The first person to receive a heart transplant from a pig has died, two months after the groundbreaking experiment, the Maryland hospital that performed the surgery announced Wednesday.
David Bennett, 57, died Tuesday at the University of Maryland Medical Center. Doctors didn’t give an exact cause of death, saying only that his condition had begun deteriorating several days earlier.
Bennett’s son praised the hospital for offering the last-ditch experiment, saying the family hoped it would help further efforts to end the organ shortage.
“We are grateful for every innovative moment, every crazy dream, every sleepless night that went into this historic effort,” David Bennett Jr. said in a statement released by the University of Maryland School of Medicine. “We hope this story can be the beginning of hope and not the end.”
Doctors for decades have sought to one day use animal organs for life-saving transplants. Bennett, a handyman from Hagerstown, Maryland, was a candidate for this newest attempt only because he otherwise faced certain death—ineligible for a human heart transplant, bedridden and on life support, and out of other options.
After the Jan. 7 operation, Bennett’s son told The Associated Press his father knew there was no guarantee it would work.
Prior attempts at such transplants—or xenotransplantation—have failed largely because patients’ bodies rapidly rejected the animal organ. This time, the Maryland surgeons used a heart from a gene-edited pig: Scientists had modified the animal to remove pig genes that trigger the hyper-fast rejection and add human genes to help the body accept the organ.

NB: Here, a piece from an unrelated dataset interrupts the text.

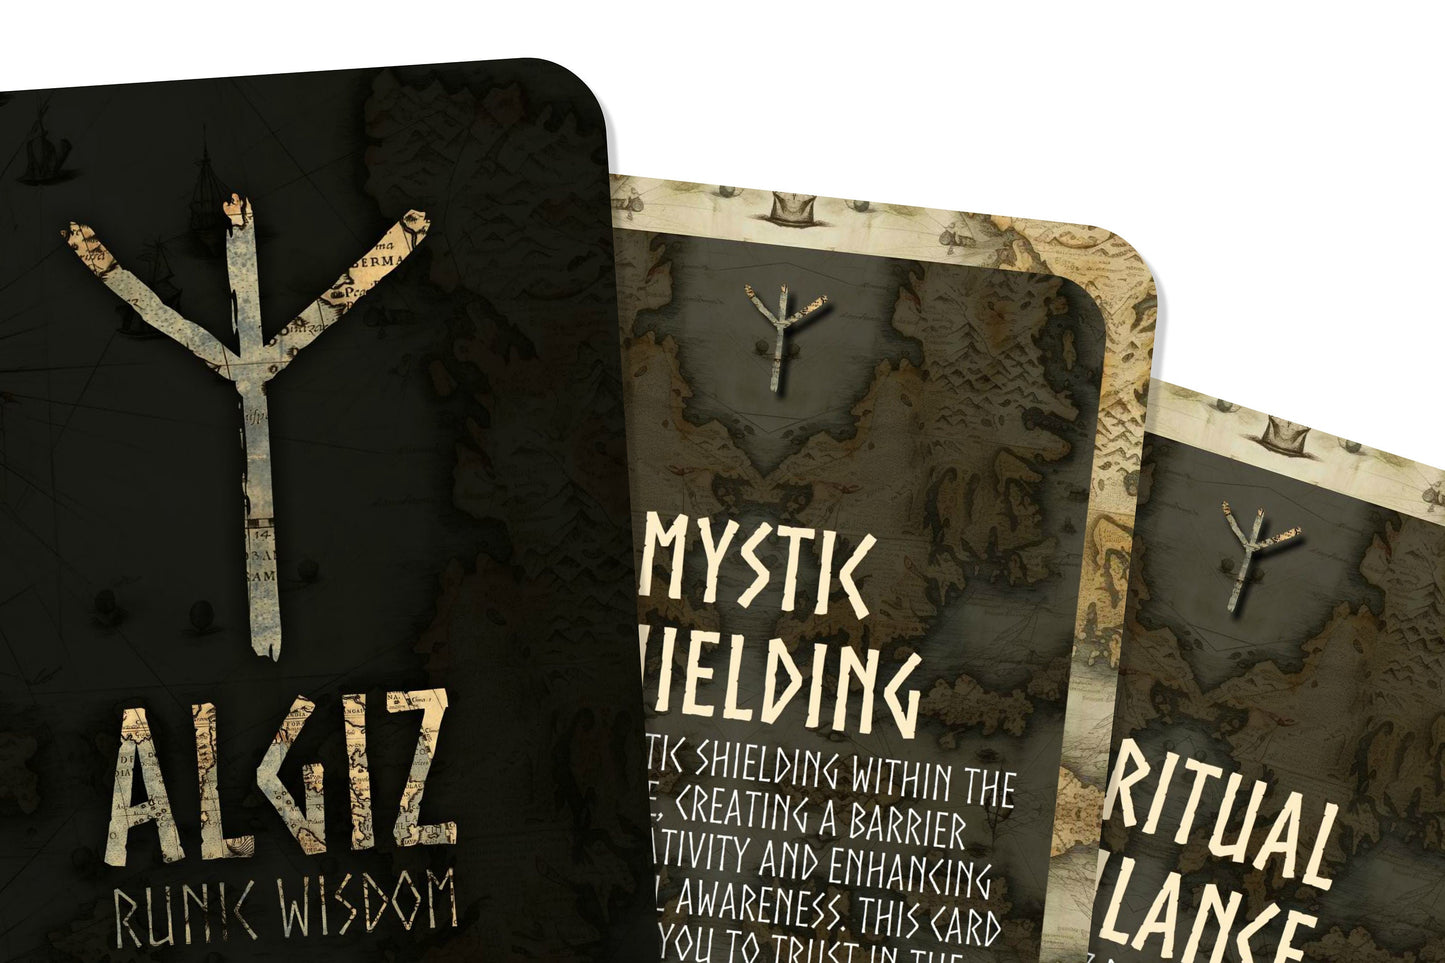 Algiz Runic Wisdom - Celestial Runes Series - Divination tools - Oracle Cards - Runes Cards

At first the pig heart was functioning, and the Maryland hospital issued periodic updates that Bennett seemed to be slowly recovering. Last month, the hospital released video of him watching the Super Bowl from his hospital bed while working with his physical therapist.
Bennett survived significantly longer with the gene-edited pig heart than one of the last milestones in xenotransplantation—when Baby Fae, a dying California infant, lived 21 days with a baboon’s heart in 1984.
“We are devastated by the loss of Mr. Bennett. He proved to be a brave and noble patient who fought all the way to the end,” Dr. Bartley Griffith, who performed the surgery at the Baltimore hospital, said in a statement.
Other transplant experts praised the Maryland team’s landmark research and said Bennett’s death shouldn’t slow the push to figure out how to use animal organs to save human lives.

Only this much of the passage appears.